I had a number of relatives who were pretty much subsistence farmers from Arkansas join the Navy because they thought it was exciting and had never seen an ocean. They all served in the Pacific. Amazingly, they all made it back home. They didn't talk about it much but they did say the Japs were "pretty serious" when it came to a fight.
The claim of "perhaps even zero" makes mockery of everything, that line in itself is enough to deem the opinion of the author invalid and insipid.
There were already deaths. The battle was ongoing, WHILE THE PLANES WERE IN THE AIR. More deaths occurred between the bombs dropping and the surrender! That alone automatically makes their claim a lie. To claim that NOT stopping your enemy from murdering your people will magically prevent all deaths is insane.
And I guess the author was a big fan of the abductions and Raping of Nanking, huge fans of rape and kidnapping that author. Like, Japan was a cartoon villain in that war, because their morality was such a different perspective from ours.
Well, we did make them remake much of their governmental system and forcibly introduced some things that are probably a precursor to modern wokeness in certain ways. We established a military base that is still disproportionately responsible for rapes in Okinawa. But at the same time, once we get that far afield we're playing some big what-ifs. What if we hadn't made them make certain concessions, and then they rearmed, or allied to the USSR? What if we hadn't made them make certain concessions and then their economic recovery goes differently and they're actually worse off than they are today? What if reduced US presence makes the Korean War go worse? Or Vietnam? (Yes, that one already went pretty bad, but is there a different reality where Communism spreads to Thailand or Japan or elsewhere in the region)? So on and so forth.
Is there an ideal world where everything goes better than it did here? Yeah, almost certainly, but we don't really know what that world looks like or how it could have been reached, or how close to ideal we got. In general, I agree with you that the Japanese didn't get fucked over too badly or anything all things considered.
I was thinking the same thing about subtly conquering them, but that cultural exchange happens whether Japan wins or loses. The Japanese Empire overextended, and the US beat them only back to their original borders. And then figured out "we are more naturally friends" and switched sides in the eternal conflict with China.
The federal government was lousy with soviets during the war. That’s why FDR had such a hate hard on for Patton, and why they didn’t invade the soviet union.
We invented napalm. Specifically as a terrorizing tool to be used on the Japanese. Tokyo was a wood tinderbox, and we designed a weapon that would decimate that and inflict maximum human casualty while doing it. People would survive it; that was the point. That they would live in terror for the rest of their days of ever seeing something like that happen in front of them ever again.

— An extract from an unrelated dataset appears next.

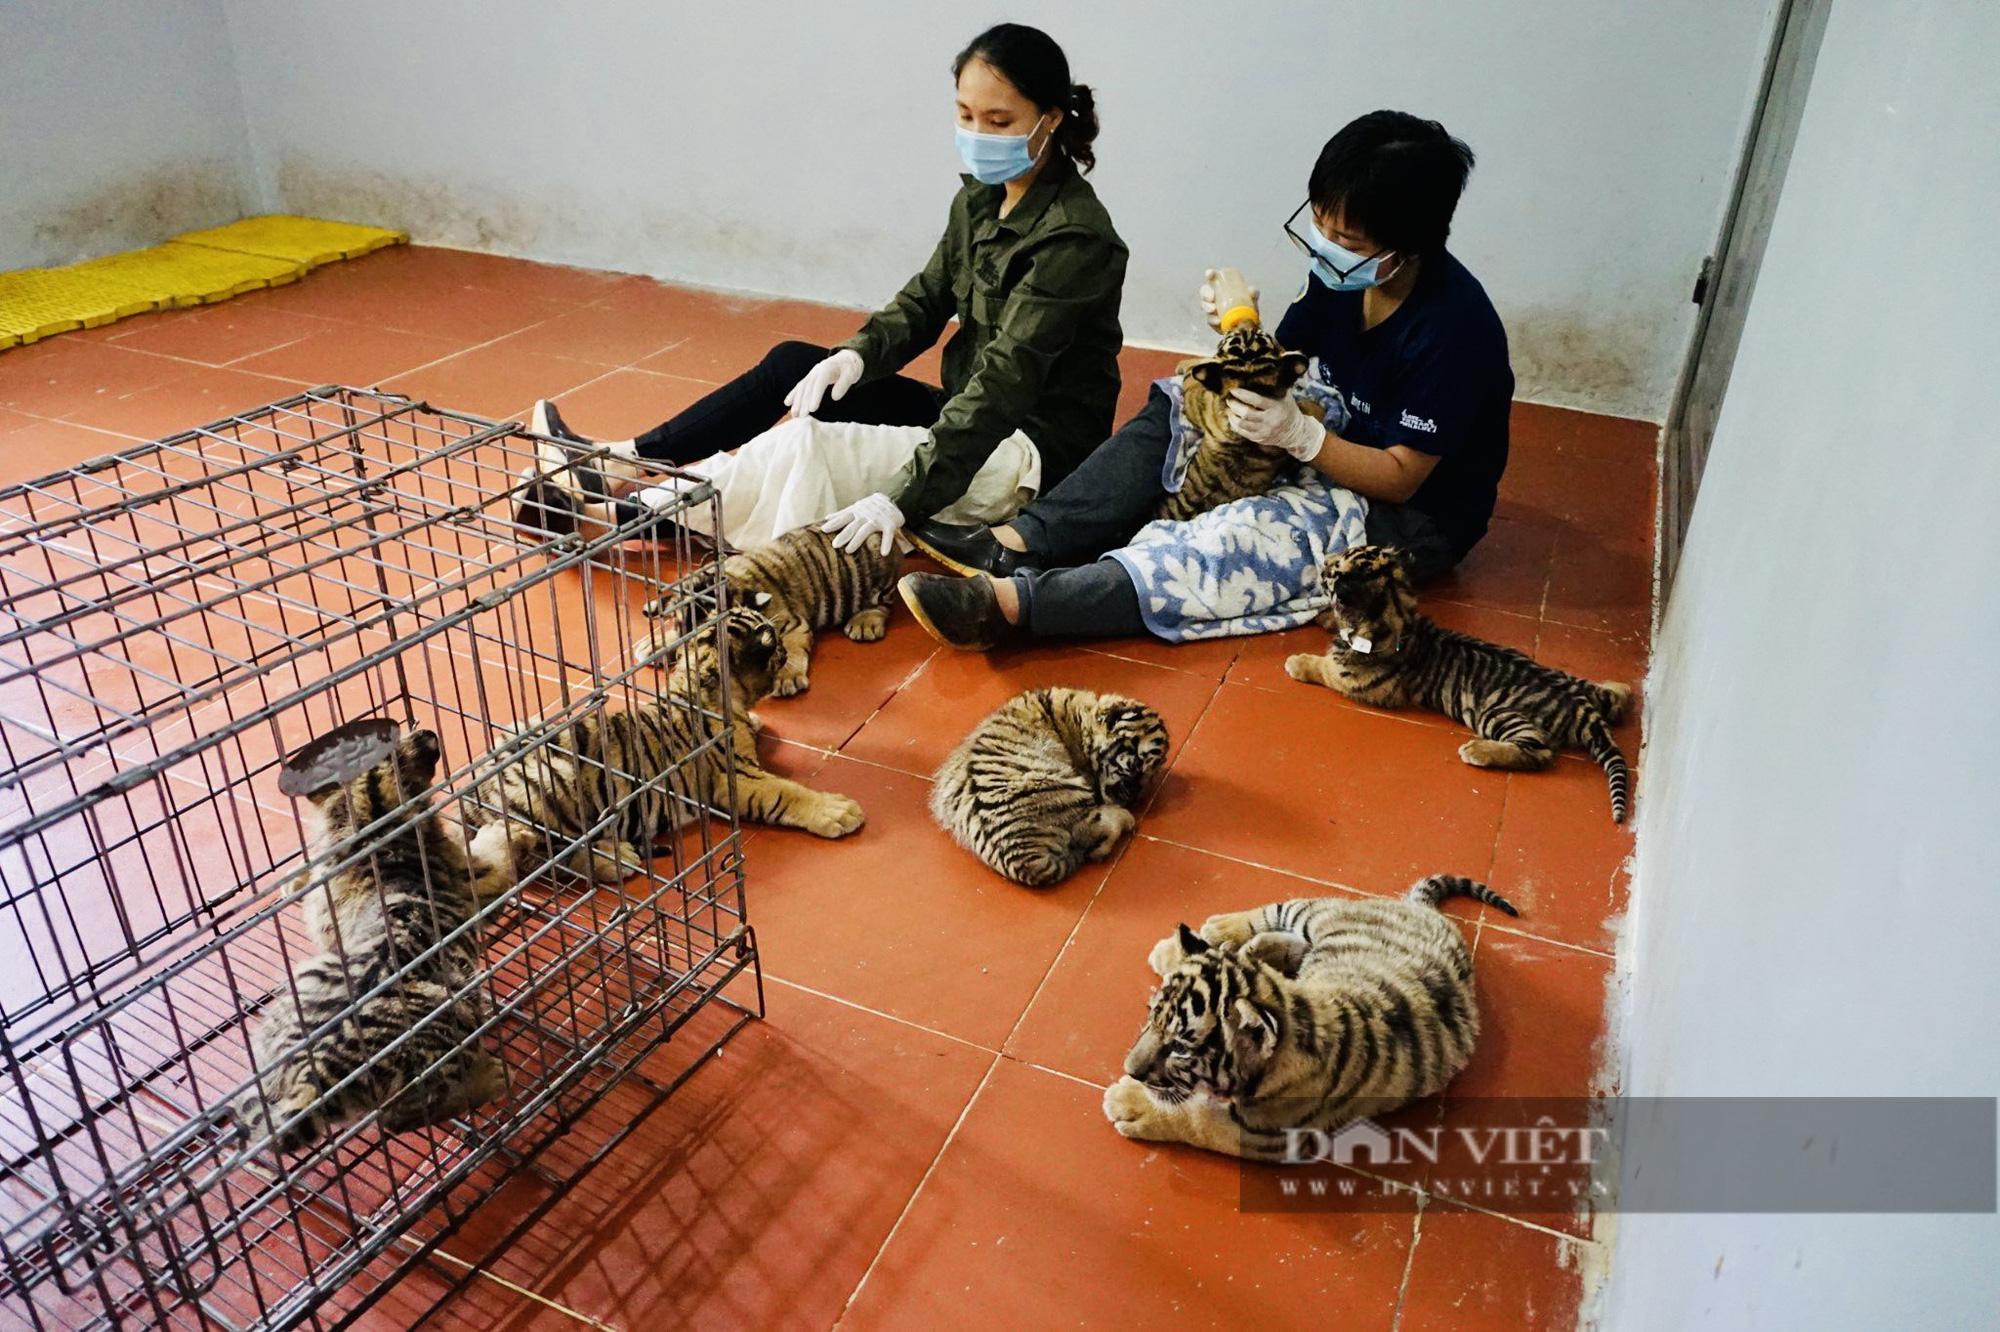 7 cá thể hổ nhỏ vừa được giải cứu và quy trình chăm sóc đặc biệt - Ảnh 1.

We used it. They did not surrender.
This implied the necessity of an even more terrifying weapon. We used that. They did not immediately surrender, so we used it a second time. And only then, finally, did they admit they could not go on.
This is a dead simple analysis. I don't need 3000 words to explain it. It is what happened.
The fact that napalm was invented shows that the nukes were necessary.
No one in the US believed that we wouldn't have to expect less than 200,000 dead; not 20,000.
Operation Olympic included using nuclear weapons... on the battlefield.
The plan was that we'd have to drop nuclear weapons on entire Japanese army formations, and send the Marines in behind them. There is a reason we produced 400,000 Purple Heart medals for the initial invasion. Operation Olympic would have included round-the-clock fire-bombing of Japan. The assumption of all military planners was that the Japanese would have to be buried in, or burned out of, every cave in the entirety of Japan.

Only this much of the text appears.